“Are you wavering about it being suicide?" Shelley asked.
“Not at all. Just telling you the impression it's giving everybody else.”
They were quiet for a moment while the waitress refilled their cups. Jane wondered again why she hadn't just put on a skirt and blouse this morning instead of the baggy outfit she'd chosen without any thought.
“Anything else of significance in the dressing room?" Jane asked. "Oh! We forgot to ask you. Did you really find a press release saying who the producers were?"
“Yes. How did you know about that?"
“George Abington told us."
“I wish you two wouldn't meddle in this. I appreciate having someone to talk to about cases, but it scares the stuffing out of me when you two start doing your 'junior detective' stuff.”
Shelley ignored the warning. "Do you think there's a connection?

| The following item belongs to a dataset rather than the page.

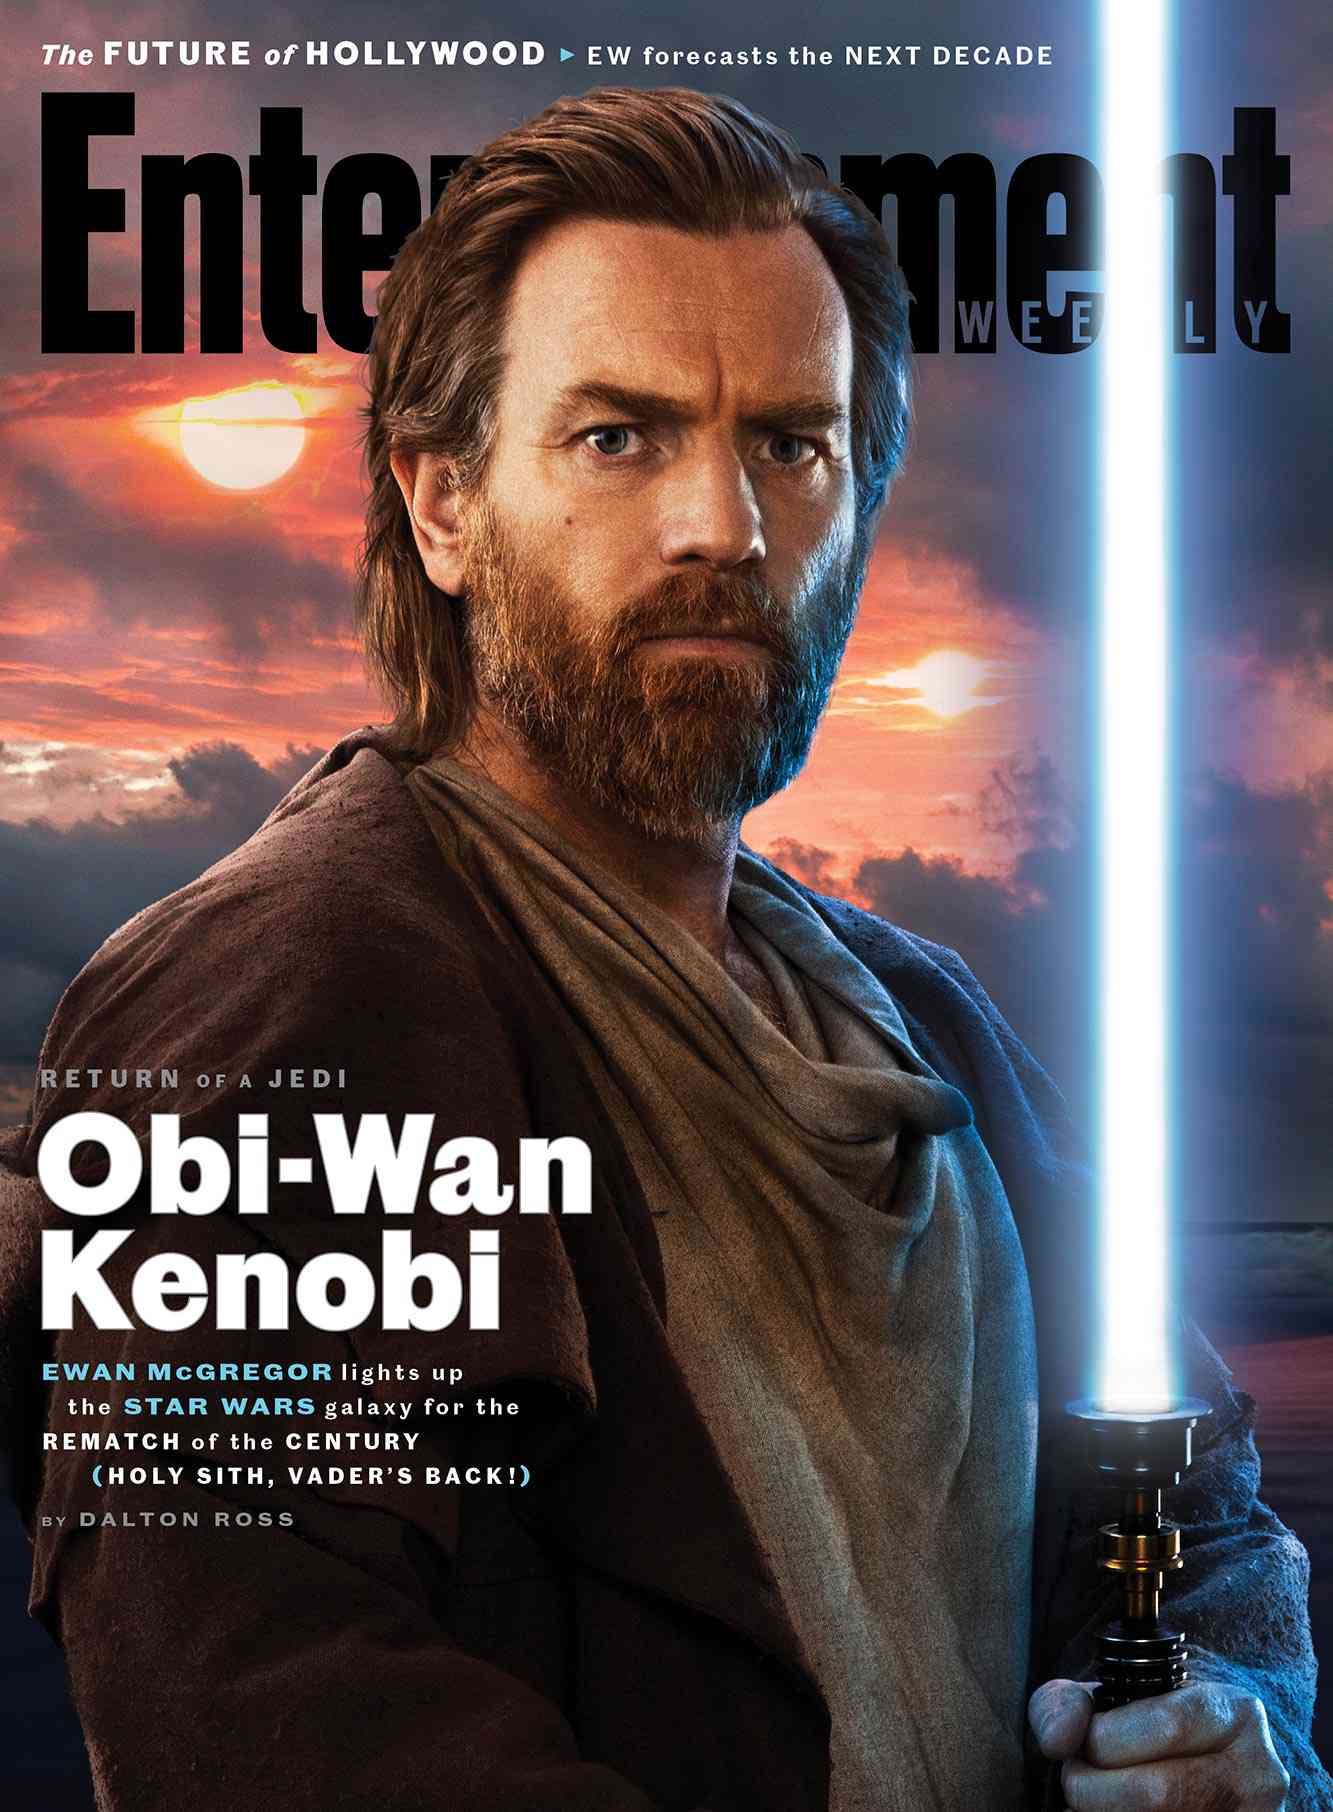 Obi-Wan Kenobi exclusive first-look photos from the new Disney+ series | EW.com

Between the murders and the secret about the producers, I mean."
“There might be, but I'm damned if I can see what it is. I'll admit, though, that I'm beginning to wonder if the blackmail had anything at all to do with either murder."
“Why is that?" Jane asked.
“Well, think about it," Mel said, leaning forward. "It was over something so trivial. Jake just wanted Angela to get a little part. I'll grant you, I don't know much about the movie business, but that's still a stupid reason. It wasn't a big part. I've studied the script. It was a few lines that were only designed to give the main character someone to talk to. The character part didn't even have a name. It was just `farm girl,' and she said things like, 'What do you mean?' so that Harwell's character could go off into a monologue. I can see how Angela would have liked to have the part, but if she'd gotten it and donethe greatest acting in history, it wouldn't have done her much good. I'm finding it hard to believe that two people could have met their deaths because of something that insignificant."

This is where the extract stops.